UKbloke-have you tried toe covers?









These and wool socks seem to do the trick around here.


----------



## ukbloke (Sep 1, 2007)

twain said:


> UKbloke-have you tried toe covers?


I have whole shoe covers - a lightweight pair and a full neoprene pair. The neoprene ones are bulky and only good for really miserable conditions ... where I'd probably not go cycling anyway. The lightweight ones work for a while but aren't all that windproof so after a long descent my toes will be cold and they don't warm up easily. A good pair of windproof toe covers would probably be a good compromise, and quicker to put on. I looked at the PI ones and I'm not sure they are big enough. Maybe I'll give them another look - thanks.
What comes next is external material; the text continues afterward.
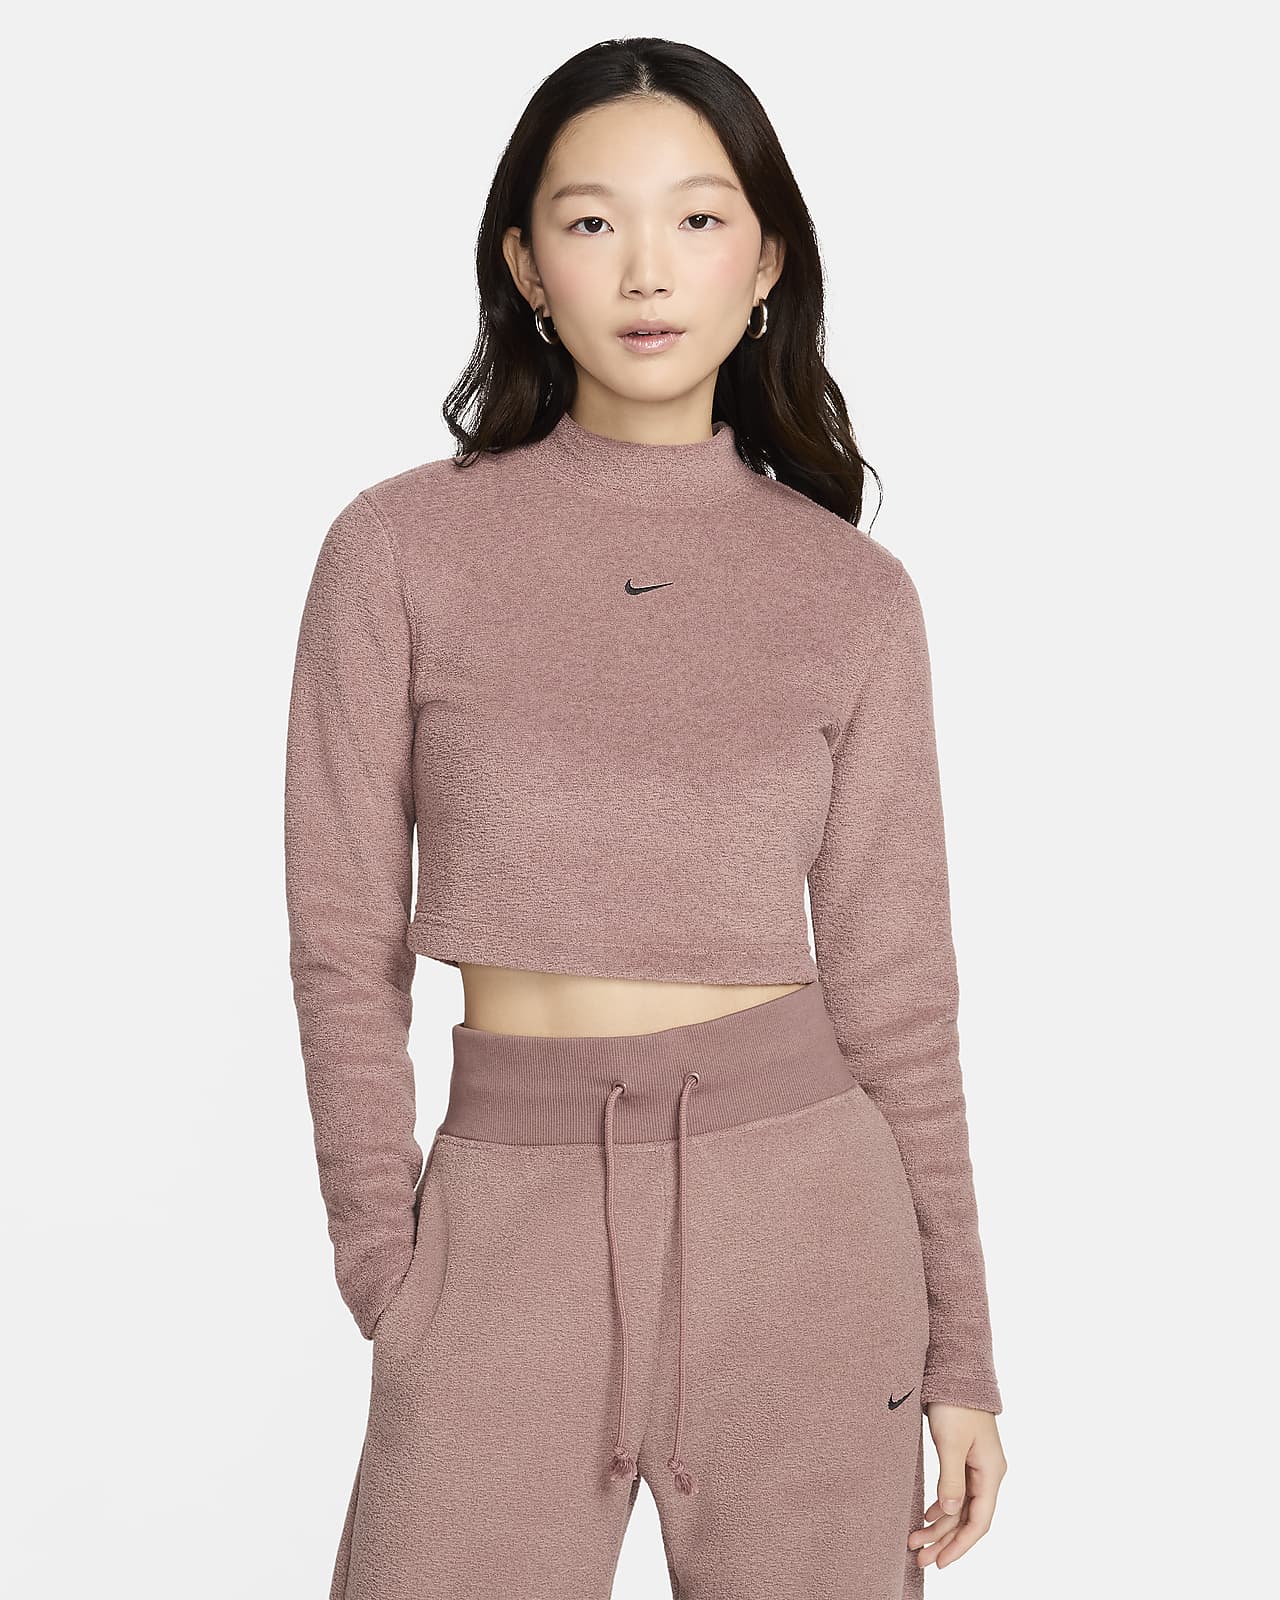 Nike Sportswear Phoenix Plush Women's Slim Long-Sleeve Cropped Cozy Fleece Top

As for gloves, I liked the Giro Ambient, but again I'm not convinced that they run big enough for me.


----------



## moschika (Feb 1, 2004)

i've been using the Hincapie wool gloves and have been very pleased with them. even on cold foggy mornings they seem to keep that bite off my hands.


----------



## jmsue_94560 (Sep 10, 2009)

I like the Garneau WindTex; a few weeks ago during the cold spell, I wore a pair of those and rode up Cavaleras, coming down my hands were not cold at all. Only my feet because I forgot my socks and my face because I don't have a face mask.


----------